A Passage to India: 40 Years On
David Lean’s final film may not reach the dizzying heights of his greatest works, but there is still much to praise
Warning: Contains spoilers
David Lean is one of my all-time favourite directors. I sometimes argue he’s the greatest British director of all time, but then I remember Alfred Hitchcock, or the films of Powell and Pressburger, and things get muddied again. Still, Lean was a singular directorial genius; a visual poet responsible for some of cinema’s most iconic imagery. A Passage to India, whilst not scaling his own impossibly high standards, proved an entirely respectable swansong, but it took a little while for me to appreciate this adaptation of EM Forster’s novel as such.
I discovered David Lean at the age of nine, after a television screening of Doctor Zhivago (1965) completely blew me away. Immediately after that broadcast, a special documentary about the making of A Passage to India, which was about to be released in cinemas, likewise caught my eye. I determined to see every film by David Lean and was consistently overwhelmed by what I discovered. In particular, his adaptation of Great Expectations (1946), one of the greatest films of all time, became an instant favourite. As for Lawrence of Arabia (1962), seeing the 1989 70mm reissue proved a similarly formative experience.

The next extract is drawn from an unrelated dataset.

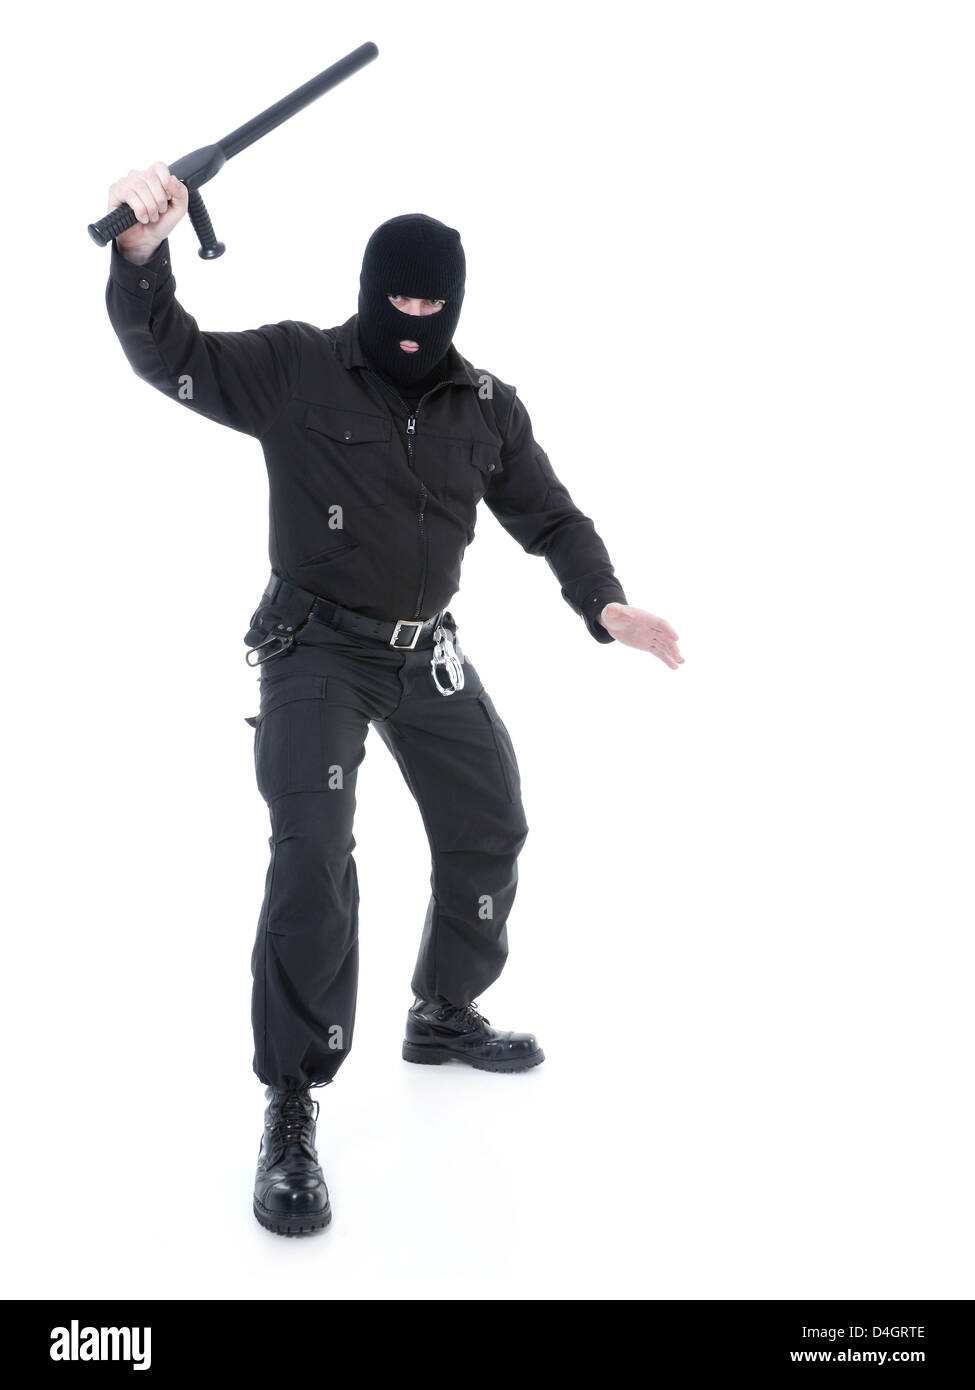 La police anti-terroriste mec uniforme noir et black mask holding police club fermement dans une main posée dans l'air Banque D'Images

All of which set up my unreasonably high expectations for A Passage to India. Admittedly, I didn’t see it at the cinema and didn’t catch up with it until some years later. When I did, I felt slightly let down, at least during my initial viewing. I should clarify that by “let down”, I mean not a jaw-dropping, life-changing, cinematic out-of-body experience like so many of his other works. Instead, the film was merely very good, and at times excellent. By anyone else’s standards, a masterpiece. By David Lean’s… Well, it didn’t rank among his greatest.